Task brief:
Below are entries; repeat exactly, and nothing else, the lines from the one holding "1989 c. , AUSTRALIEN" through the one holding "- Correzione di", inclusive. Leave the pictures out.

Data records:
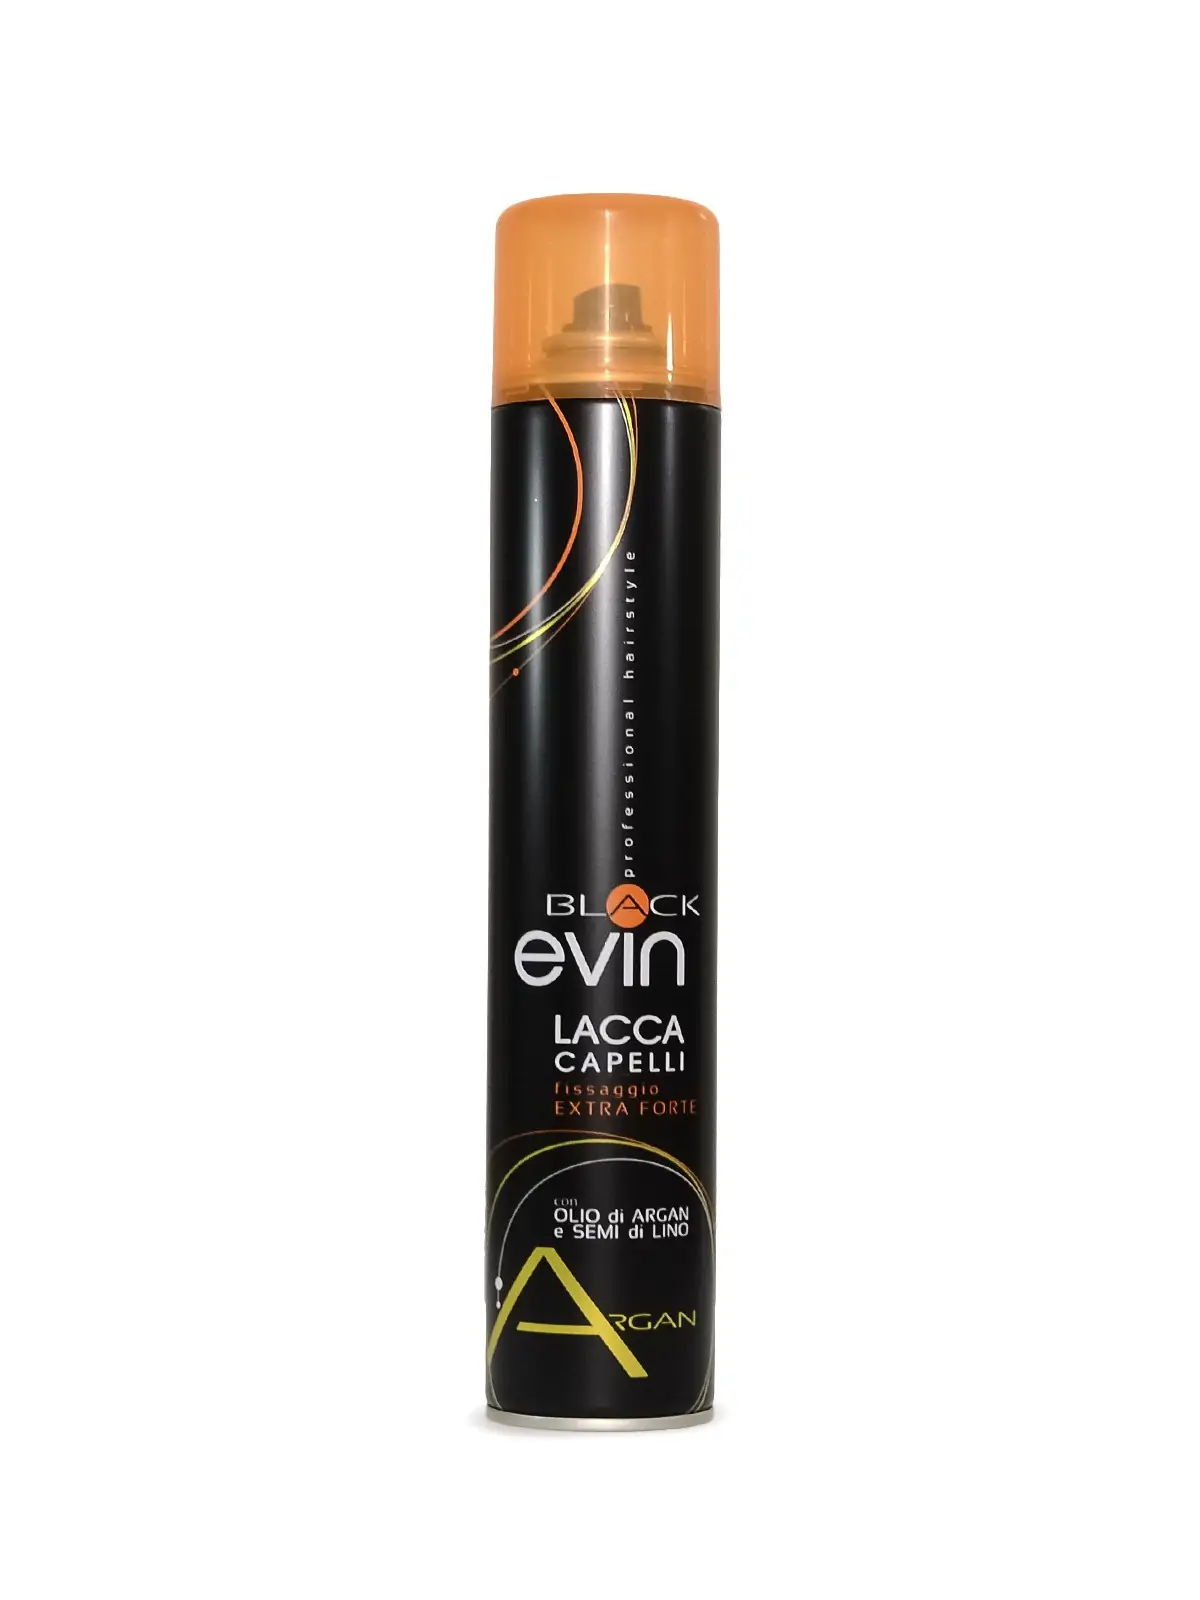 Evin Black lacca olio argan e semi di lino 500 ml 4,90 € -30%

--

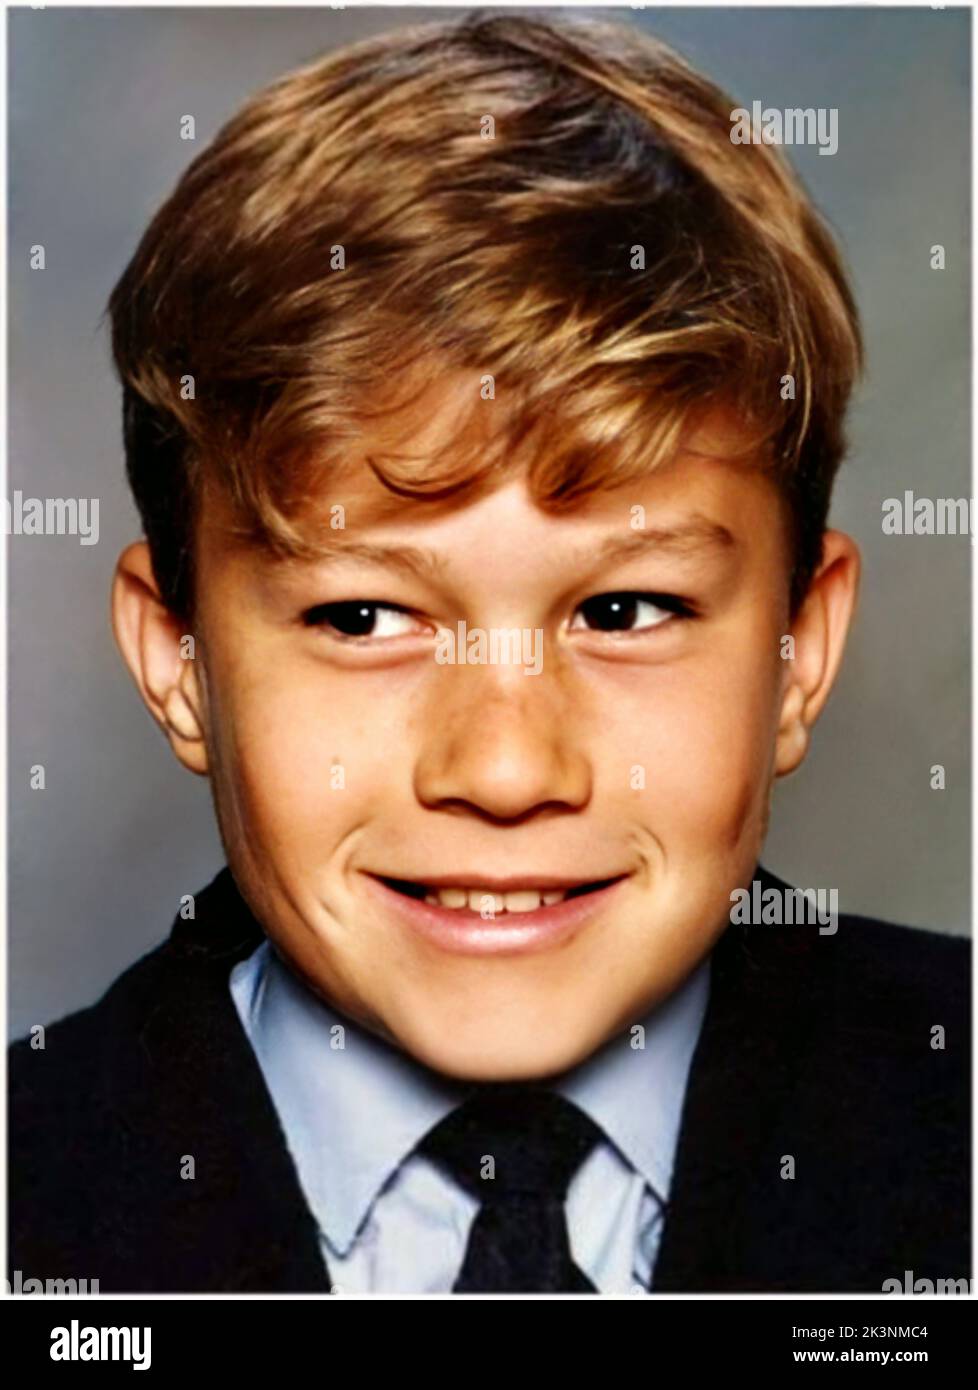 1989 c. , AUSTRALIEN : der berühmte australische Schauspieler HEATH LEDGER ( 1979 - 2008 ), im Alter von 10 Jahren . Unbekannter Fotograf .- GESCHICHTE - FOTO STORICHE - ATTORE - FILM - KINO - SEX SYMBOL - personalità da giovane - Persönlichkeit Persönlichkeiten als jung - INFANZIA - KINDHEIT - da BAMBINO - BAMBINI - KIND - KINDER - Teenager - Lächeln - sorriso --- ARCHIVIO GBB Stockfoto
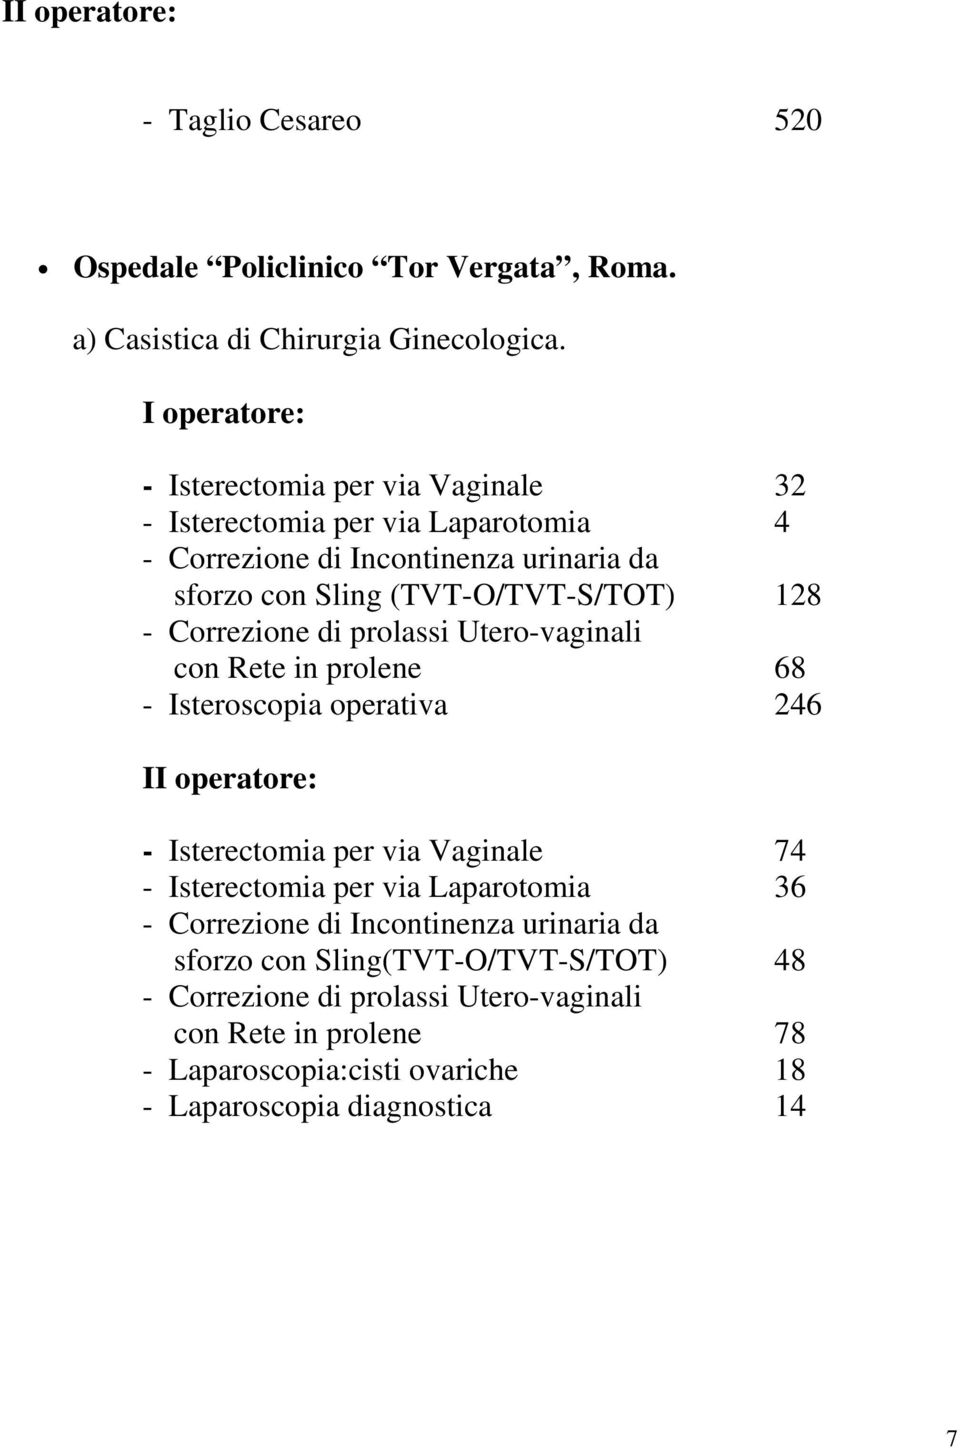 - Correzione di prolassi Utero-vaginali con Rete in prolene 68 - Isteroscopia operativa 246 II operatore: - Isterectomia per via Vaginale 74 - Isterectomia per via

Answer to this problem:
 1989 c. , AUSTRALIEN : der berühmte australische Schauspieler HEATH LEDGER ( 1979 - 2008 ), im Alter von 10 Jahren . Unbekannter Fotograf .- GESCHICHTE - FOTO STORICHE - ATTORE - FILM - KINO - SEX SYMBOL - personalità da giovane - Persönlichkeit Persönlichkeiten als jung - INFANZIA - KINDHEIT - da BAMBINO - BAMBINI - KIND - KINDER - Teenager - Lächeln - sorriso --- ARCHIVIO GBB Stockfoto
 - Correzione di prolassi Utero-vaginali con Rete in prolene 68 - Isteroscopia operativa 246 II operatore: - Isterectomia per via Vaginale 74 - Isterectomia per via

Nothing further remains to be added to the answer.